Iranian press has reported that a chemical engineer, who is allegedly an official at the country’s Natantz uranium-enrichment facility, was assassinated this morning in the north of Tehran. Two men on a motorcycle are reported to have attached a magnetic bomb to his car.
Almost all international media reports have described the man as a “nuclear scientist”, but so far his expertise and affiliation remain unclear. Iran’s Fars news agency named the man as Mostafa Ahmadi Roshan Behdast, aged 32, and reported that he was “a professor at Tehran’s technical university” and “a graduate of oil industry university and a deputy director of Natanz uranium enrichment facility for commercial affairs”. Iran’s Press TV described the man as “Mostafa Ahmadi Roshan… who was a chemical engineering graduate of Iran’s prominent Sharif University of Technology and served as marketing deputy of Iran’s Natanz nuclear installation”. Mehr news agency gave a similar description.
A statement on Sharif University’s Persian website (translated using Google Translate) confirmed that the victim, whom they name as Mostafa Ahmadi, graduated in chemical engineering from the university, and that as a student had done research on polymeric membranes to separate gases. But it is not yet clear whether he held an academic position or whether his work might have been relevant to any aspects of Iran’s nuclear programme.
Some caution is warranted.
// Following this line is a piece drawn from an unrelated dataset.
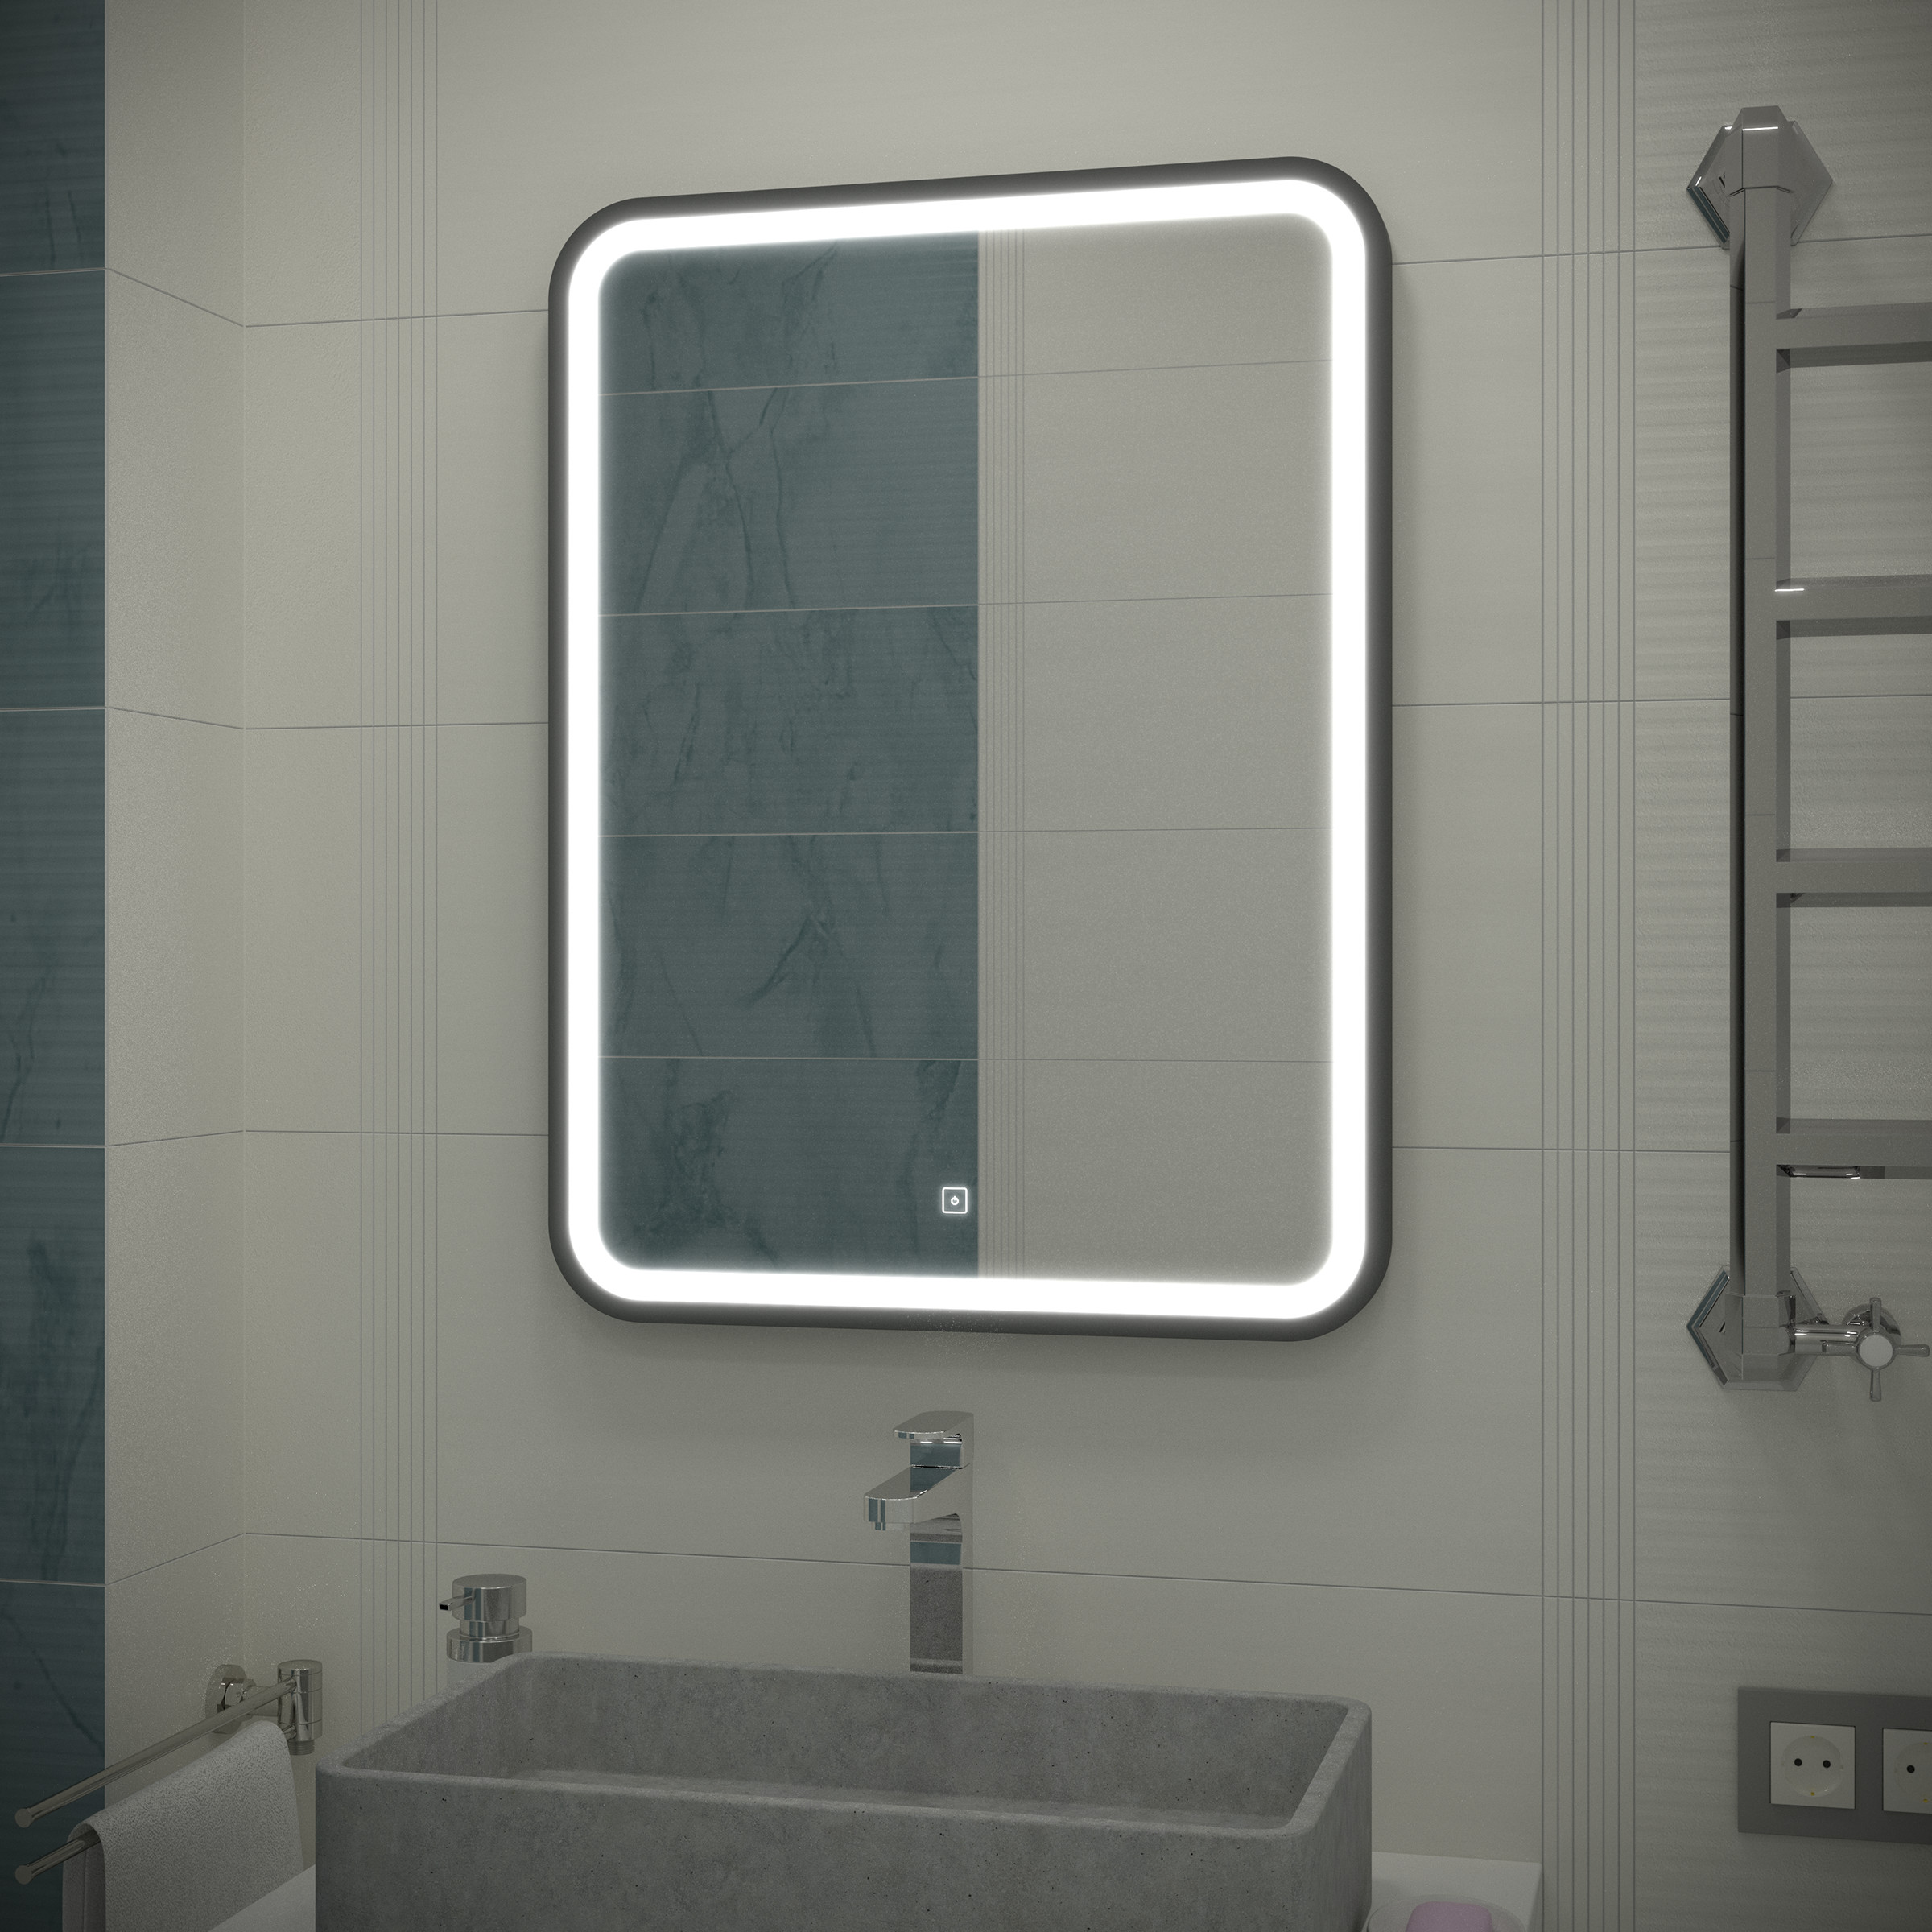 Леруа мерлен зеркало с подсветкой в ванную. Simple Gray led 60x80. Зеркало enjoy Black led 600х800. Зеркало с подсветкой simple Gray led 60x80. Зеркало led Grace с подсветкой 60х60 с димерлм.

On 23 July last year, Dariush Rezaei-Nejad, initially described by Iranian authorities and media as a nuclear scientist — who was shot by armed men on motorcycles — turned out in fact to be an electrical engineering student pursuing a masters degree at Khajeh Nasireddin Toosi University in Tehran (see Assassination of Iranian scientist sparks rumours, but few answers)
The killing is the latest in a string of mysterious assassinations, whose motives have not always been clear. Two years ago this month, Masoud Alimohammadi, a particle physicist at the University of Tehran, was killed by a bomb as he was leaving his home (see Iranian academics fear more killings). Alimohammadi was one of Iran’s two official representatives on the board of the Middle East’s first synchrotron facility, SESAME (Synchrotron-light for Experimental Science and Applications in the Middle East), in Alaan, Jordan (see Physicist was part of ‘science for peace’ project). His colleagues were shocked at his killings, and said that they doubted that he had any link to Iran’s nuclear programme. At the time, Moshe Paz-Pasternak, a physicist at Tel Aviv University in Israel who worked with Alimohammadi on the Middle East synchrotron, said, “I can see no reason why or how Iran’s military or nuclear programmes could benefit from Alimohammadi’s expertise”.
Iranian scientists also hotly contested claims by the regime that the scientist was a “martyr” and a “committed revolutionary professor.” Quite the opposite, they said; he was one of hundreds of academics who signed a petition endorsing Mir Hossein Mousavi, the reformist presidential candidate, in the June 2008 elections. He also supported the anti-regime protests that were sparked by the suspected rigging of that election to ensure the victory of Mahmoud Ahmadinejad, and some scientists speculate that the regime itself may have been behind the assassination.
The motivation for another assassination attempt on 29 November 2010 — which used a similar modus operandi to today’s attack — was far clearer. The target, who survived, was Fereydoun Abbasi-Davani, a senior nuclear scientist at the Ministry of Defence and Armed Forces Logistics who went on to become the head of the Atomic Energy Organization of Iran. Abbasi-Davani was also named in the 2007 UN Security Council Resolution 1747, which imposed sanctions on Iran over its refusal to stop enrichment of uranium, as being among “persons involved in nuclear or ballistic missile activities”, and as subject to a travel ban and assets freeze. Today’s victim is not on that list.
Majid Shahriari, a physicist at Shahid Beheshti University in Tehran, was killed on the same day in November 2010, also by attackers on motorcycles who attached bomb to his car (see Iranian nuclear scientists attacked). Shahriari worked on nuclear-reactor physics and nuclear medicine and had published in international peer-reviewed journals, but it was unclear whether he had any link at all to Iran’s programme. He was also a member of the board of SESAME, though this is considered to have had nothing to do with his killing.
Although conclusive links between some of these killings and Iran’s nuclear programme have yet to be substantiated, the frequency of attacks, and the similar methods used in some, leave little doubt that there is a campaign of targeted assassinations. There also appears to be some evidence of a wider effort to sabotage or slow Iran’s progress in getting enough enriched uranium to be able to enrich the material further to the levels needed for a nuclear bomb. As the newspaper Haaretz notes, there has been a spate of recent mysterious incidents, including explosions at facilities, some of which are thought to be linked to Iran’s nuclear programme. And in November 2010, Iran admitted that Stuxnet, a sophisticated computer worm, had targeted the Natanz facility. The worm had been designed to interfere with electronic control equipment, and to damage the centrifuges used for enrichment, potentially causing them to run or brake too quickly.